27.08.2019 / Knud Wassermann

Books for a digital detox

Who would have thought it? Cautious optimism has returned to international book markets. The feared widespread fire caused by mobile apps and e-books has failed to materialize, sales figures have stabilized - and in some markets they are even rising slightly.

People want to hold something haptic and tangible in their hands as an alternative to the digital experience. A study conducted by Two Sides in 2017 found that 72 percent of readers prefer printed books in order to switch off from the digital information overflow. In a digital world, books are becoming the lean-back medium par excellence and can contribute significantly to deceleration.

It is well known that printed books have lost market share in individual segments, such as fiction in the form of paperbacks - in the US, e-books account for 19 percent of the total market (2017). However, this translates as a decline in sales volume of 10 percent over just one year. What is all the more surprising, however, is that the number of books sold in the US rose by 8 million in 2018 to a total of 695 million copies.

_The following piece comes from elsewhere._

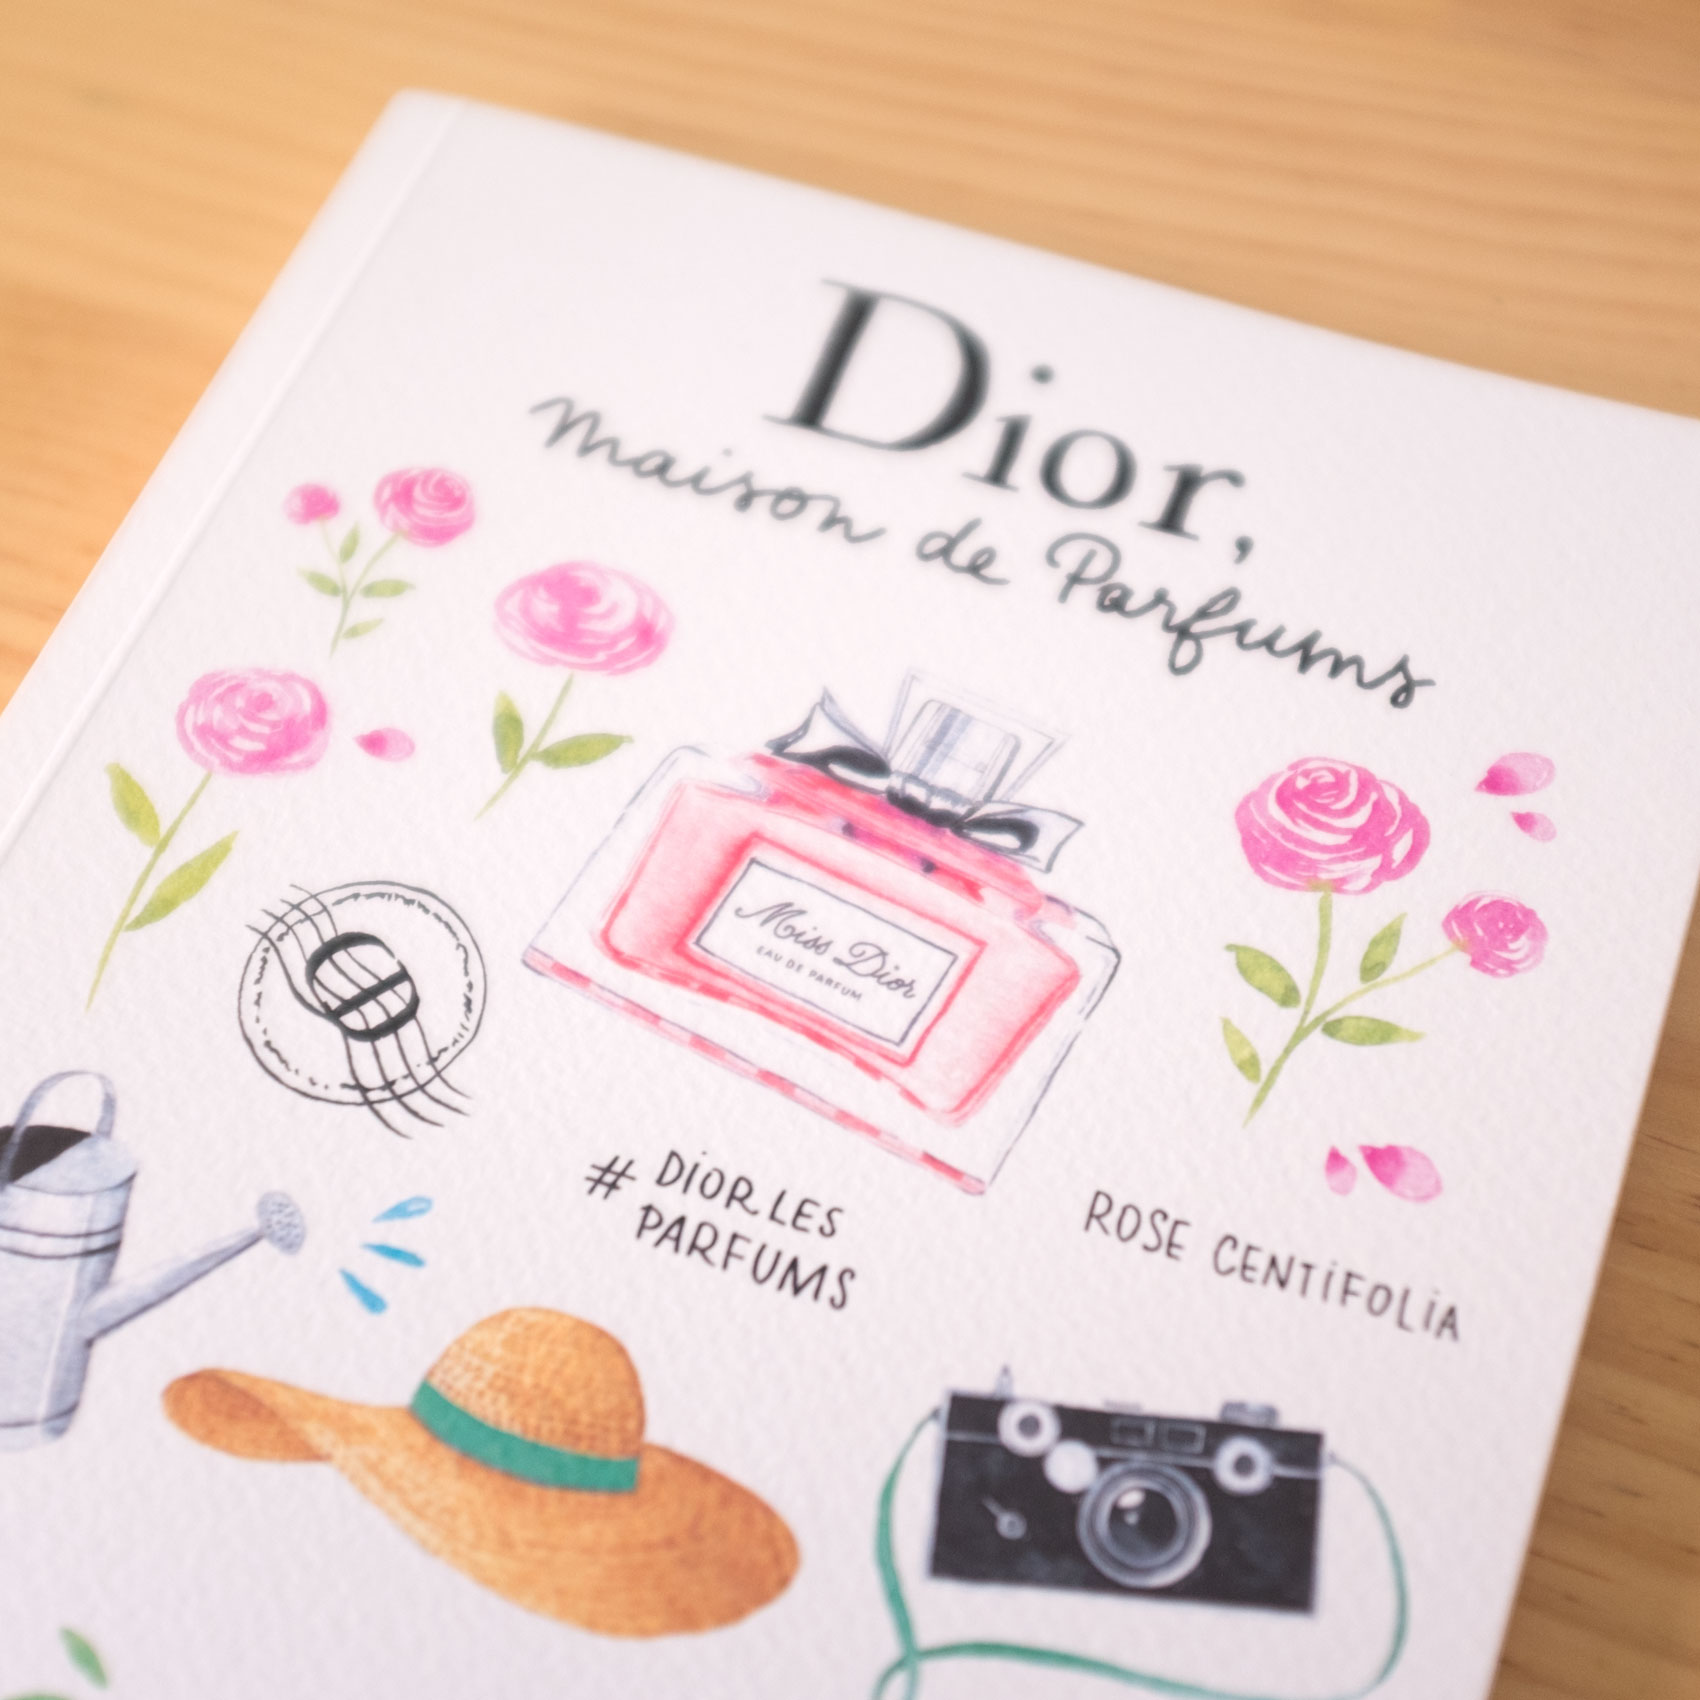 dior-04.jpg
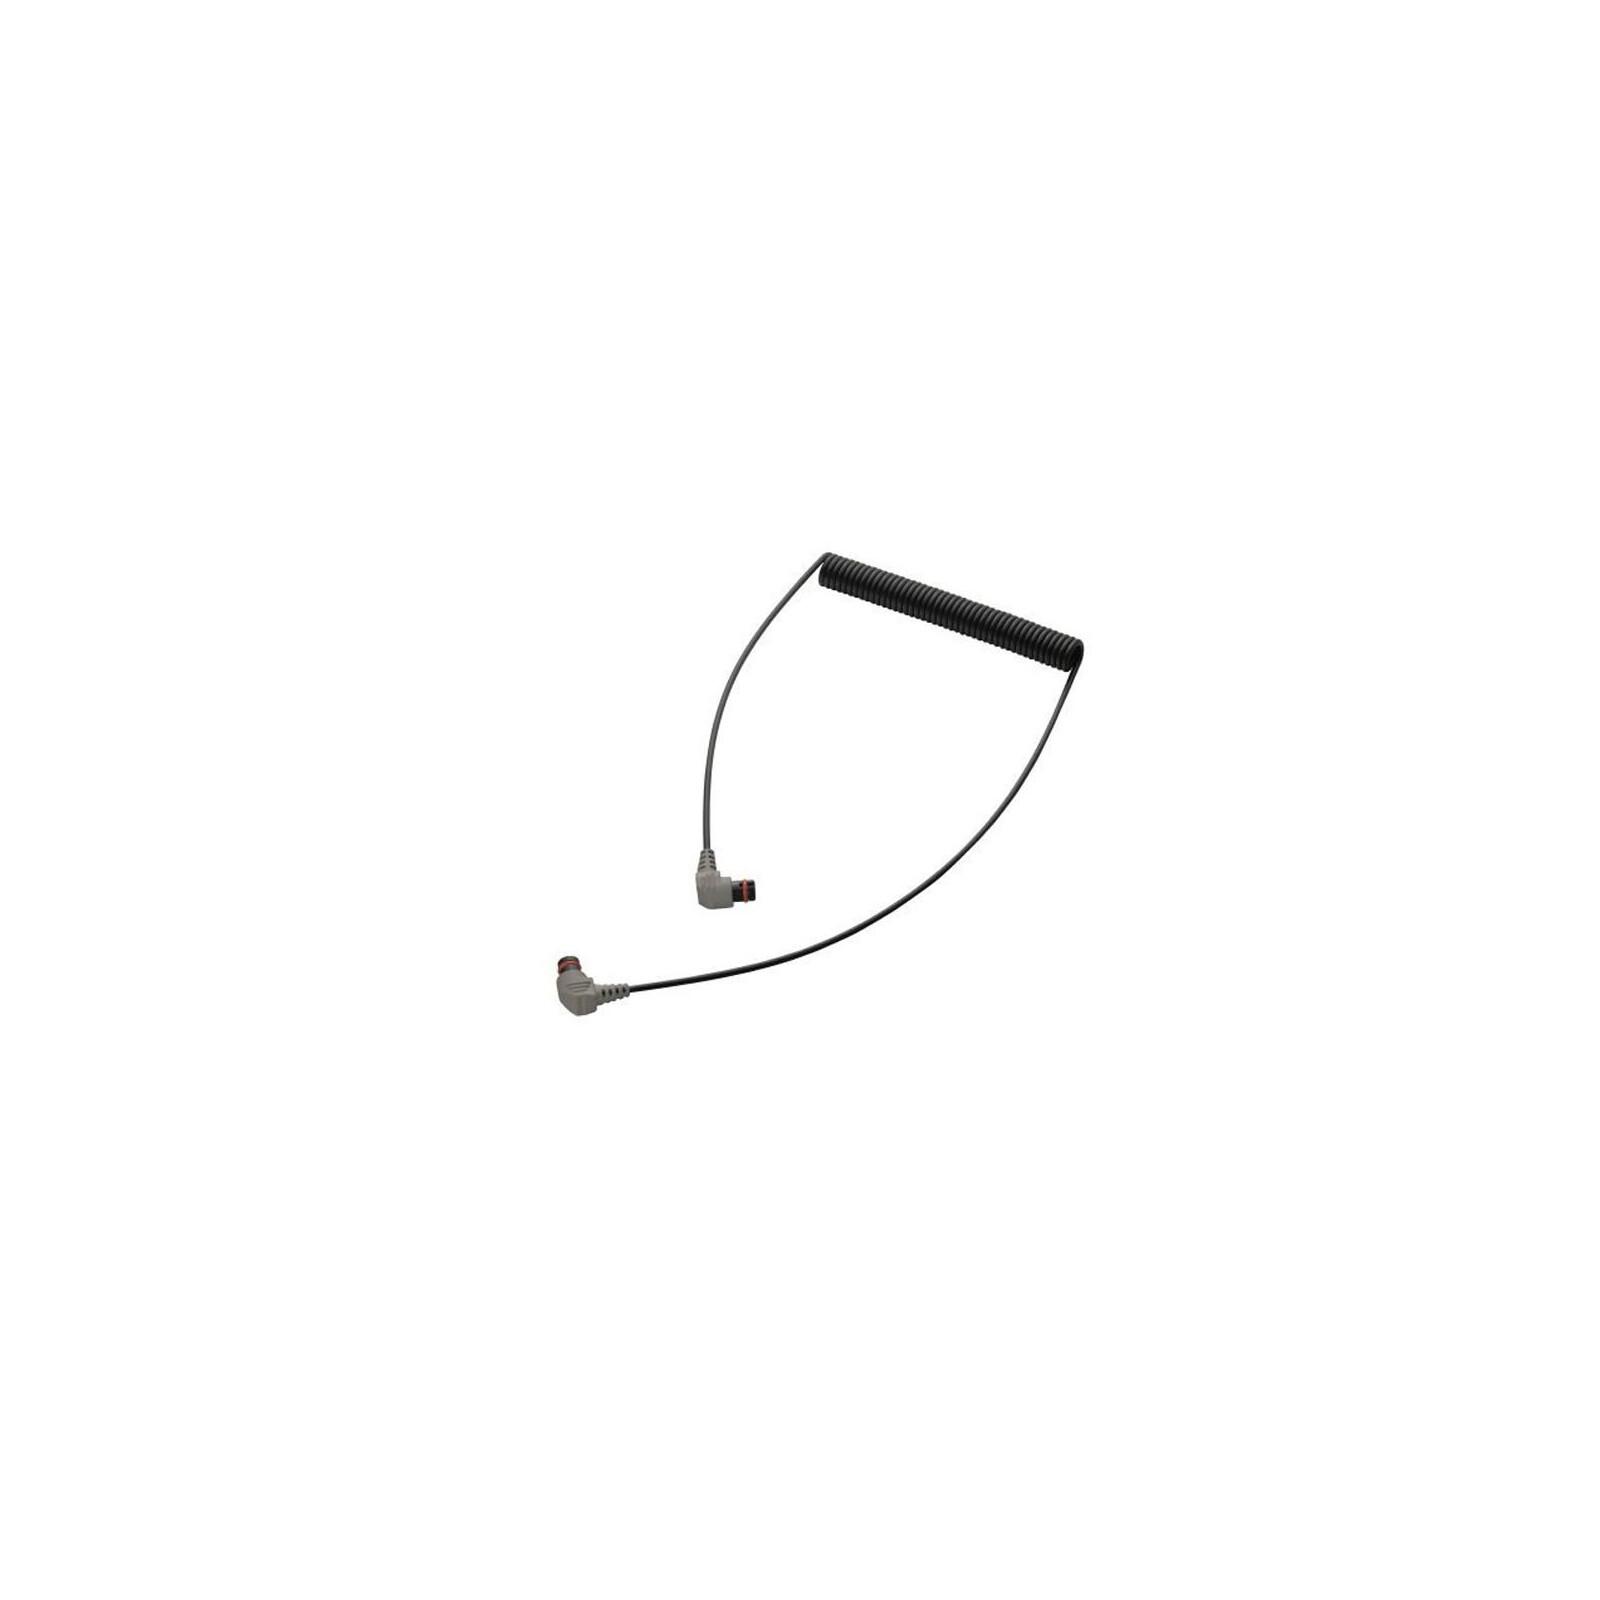 Olympus PTCB-E02 Opt. Fiber Kabel

Change is the only constant
The US is not an outlier in this respect. According to MediaControl figures, the German market for children's and young people's books posted strong growth at a plus of 4.4 percent. By contrast, in Germany, the proportion of e-books has been stagnating for a number of years, and has stabilized at between 6 and 7 percent.
There is also consistently positive news from Great Britain. The book market there grew by 0.3 percent to 191 million copies sold in 2018, and sales rose by 2.1 percent to 1.63 billion pounds. What is more, the Booksellers Association recorded an increase in independent bookshops, an entirely contrary trend to the one in general retail. Especially when it comes to higher-quality books, consumers want to hold the books in their hands before buying them.

Adaptability of book publishers
But that does not mean that the publishing industry can move on to the daily agenda - change is much more ongoing and, as in many industries, the only constant. New forms of content generation, collaboration between authors, publishing companies and readers, and innovative business models will continue to keep the industry on its toes in the future. 

And there's no need for the industry to hide - with a turnover of 122 billion dollars (source: Bookmap 2017 study), the global book market is three times as big as the music industry - and is a big player in Europe in particular. In 2017, European book publishers achieved total sales of 22.2 billion euros (source: European Book Publishing Statistics).

Books with Added Value
In general, there is a trend toward high-quality books with special features that offer additional haptic experiences. The possibilities are vast, ranging from special substrates through to shiny, matte or soft-touch foils, digital spot lacquering, one-color or multicolor hot foil embossing, rounded corners on the book block and cover, through to laser die cutting, and personalized printing of the trimmed edges of the books. 

“Such added value is especially important in view of the competition with digital media for readers, especially if the book is sold in a brick-and-mortar store,” says Erik Kurtz, Managing Partner of Kösel GmbH & Co. KG, one of the leading book producers in Europe.
Book-of-One Production is Reality 
Despite the positive news for printed books, the entire value chain for books faces massive challenges. In terms of production, the trend for increasingly short run sizes, through to runs of one copy, needs to be implemented efficiently in an industrial environment. This can only be achieved through complete digitalization. Production will only be on demand. Warehousing will increasingly be part of production. That is already technically feasible today.

Digital printing delivers the right answers. Currently 10 percent of all printed books in Europe are produced digitally. By 2022, the black-and-white and color volumes are expected to grow by 15 percent yearly (source: Western Europe Production Digital Printing, Market Overview Report; Caslon; 2017). 

It is already possible today to use solutions from Muller Martini to produce books in soft or hardcover runs of one. Despite the high level of customization, the extensive integration and connectivity of all the modules ensures the necessary efficiency. “Mass customization” – the adaptation of a mass product to the needs of a customer – is no longer a thing of the future thanks to the high degree of automation over the entire process change. 

Dynamic Publishing
The next topic that is to engage publishing companies and print service providers is dynamic publishing. That means that relevant variable content is prepared for certain target groups or even for individual readers. Based on templates that are available on online platforms, users can compile content from different sources, including their own images and texts. Photo books or self-publishing show in which direction things can develop. Further areas are education, travel and specialist books. 

A typical example of dynamic publishing is, for instance, a reader possibly using a platform to compile a customized travel guide for their vacation to match their interests. The book is then printed and delivered directly. On the platform, the reader can determine which content he wants to take with him on his journey. The content is presented in an attractive, responsive design and then automatically sent to an app on the reader’s tablet or cell phone. 

Attractive business models
During the trip, the book literally comes to life since various attractions are linked with photos, which can then be posted on social media. At home, you can create a personal photo book supplemented by information from the travel guide about the attractions and the sights. 

This example shows that digitalization presents new opportunities for books. Amid the information overflow, print can be used to select what is really important and to retain it in book form. In the future, the challenge will be to combine the strengths of printed books with the possibilities of digital formats, such as immediate availability, customization, and up-to-date information. Then nothing will stand in the way of the book's success story in the future.